The static variables of the SSA form need to be merged into complete high-level variables. The first part of this is accomplished by formally exiting SSA form. The SSA phi-nodes and indirects are eliminated either by merging the input and output variables or inserting extra COPY operations. Merging must guard against a high-level variable holding different values (in different memory locations) at the same time. This is similar to register coloring in compiler design.

Determine Expressions and Temporary Variables

A final determination is made of what the final output expressions are going to be, by determining which variables in the syntax tree will be explicit and which represent temporary variables. Certain terms must automatically be explicit, such as constants, inputs, etc. Other variables are forced to be explicit because they are read too many times or because making it implicit would propagate another variable too far. Any variables remaining are marked implicit.
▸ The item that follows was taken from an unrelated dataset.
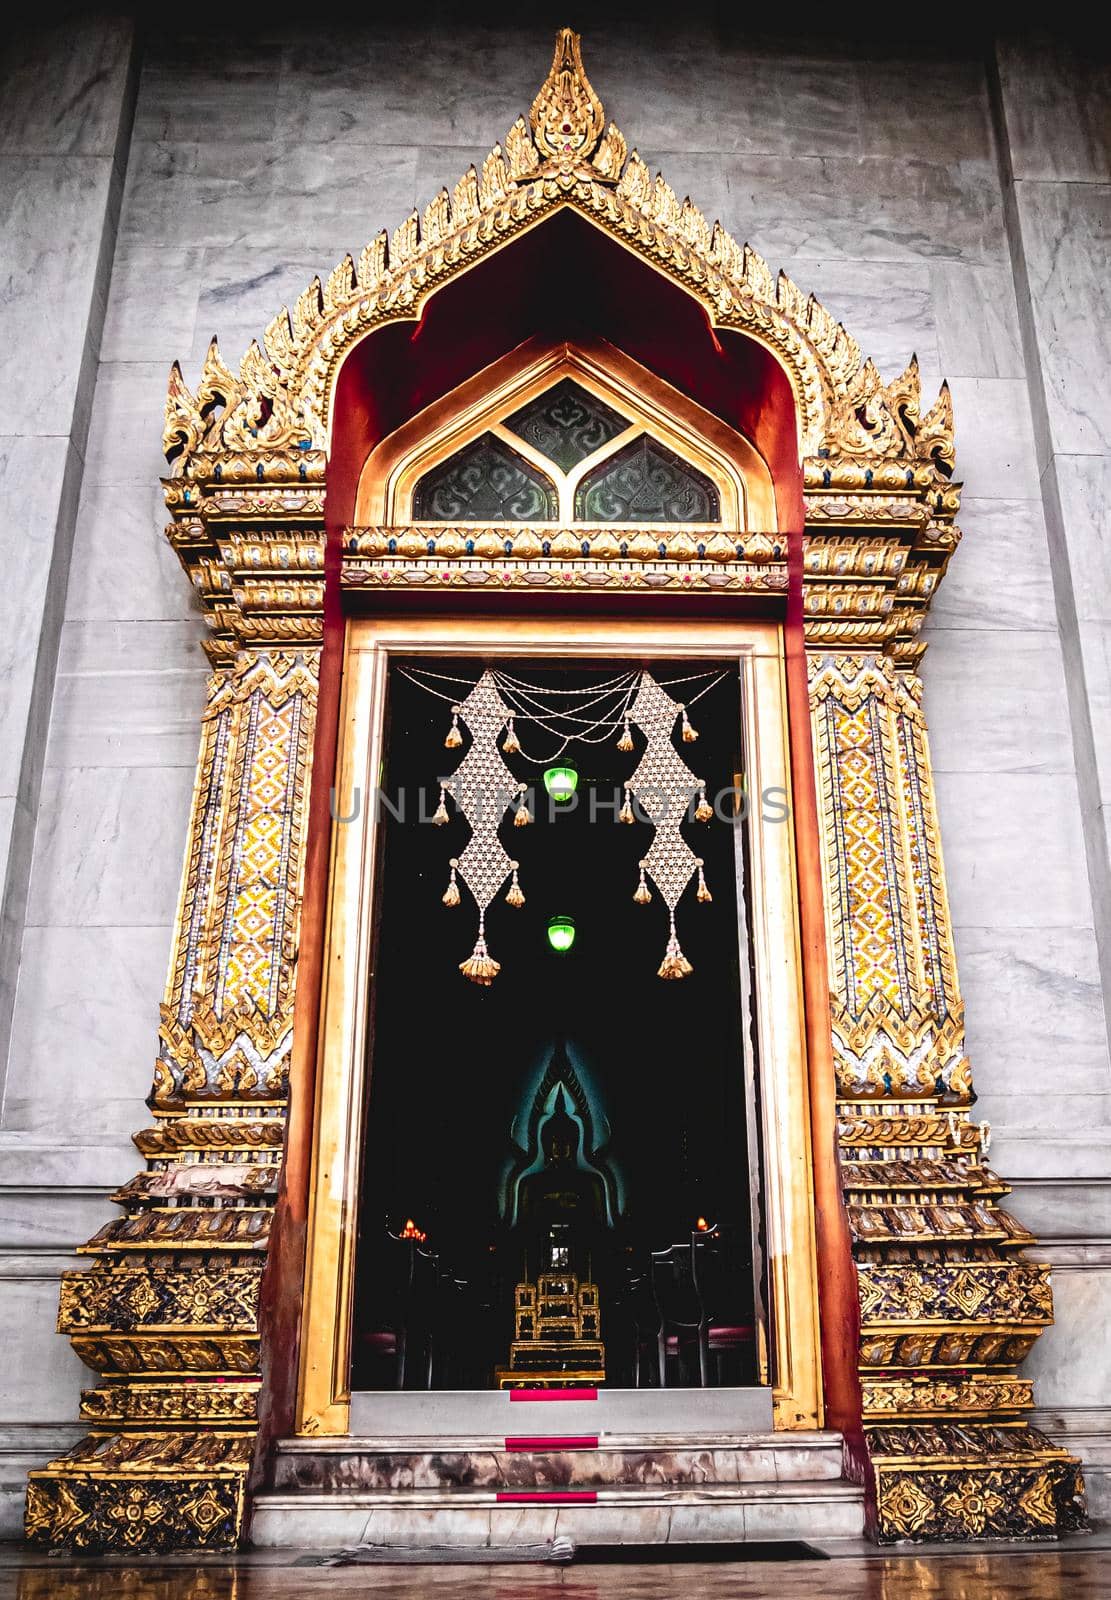 Door and window design, Thai art and architecture, Asian architecture.

Merge Low-level Variables (phase 2)

Even after the initial merging of variables in phase 1, there are generally still too many for normal C code. So the decompiler does additional, more speculative merging. It first tries to merge the inputs and outputs of copy operations, and then the inputs and outputs of more general operations. And finally, merging is attempted on variables of the same type. Each potential merge is subject to register coloring restrictions.

Add Type Casts

Type casts are added to the code so that the final output will be syntactically legal.

Establish Function's Prototype

The register/stack locations being used to pass parameters into the function are analyzed in terms of the parameter passing convention being used so that appropriate names can be selected and the prototype can be printed with the input variables in the correct order.

Select Variable Names

The high-level variables, which are now in their final form, have names assigned based on any information gathered from their low-level elements and the symbol table. If no name can be identified from the database, an appropriate name is generated automatically.

Do Final Control Flow Structuring

  1. Order separate components
  2. Order switch cases
  3. Determine which unstructured jumps are breaks
  4. Stick in labels for remaining unstructured jumps

Emit Final C Tokens

Following the recovered function prototype, the recovered control flow structure, and the recovered expressions, the final C tokens are generated. Each token is annotated with its syntactic meaning, for later syntax highlighting. And most tokens are also annotated with the address of the machine instruction with which they are most closely associated. This is the basis for the machine/C code cross highlighting capability. The tokens are passed through a standard Oppen pretty-printing algorithm to determine the final line breaks and indenting.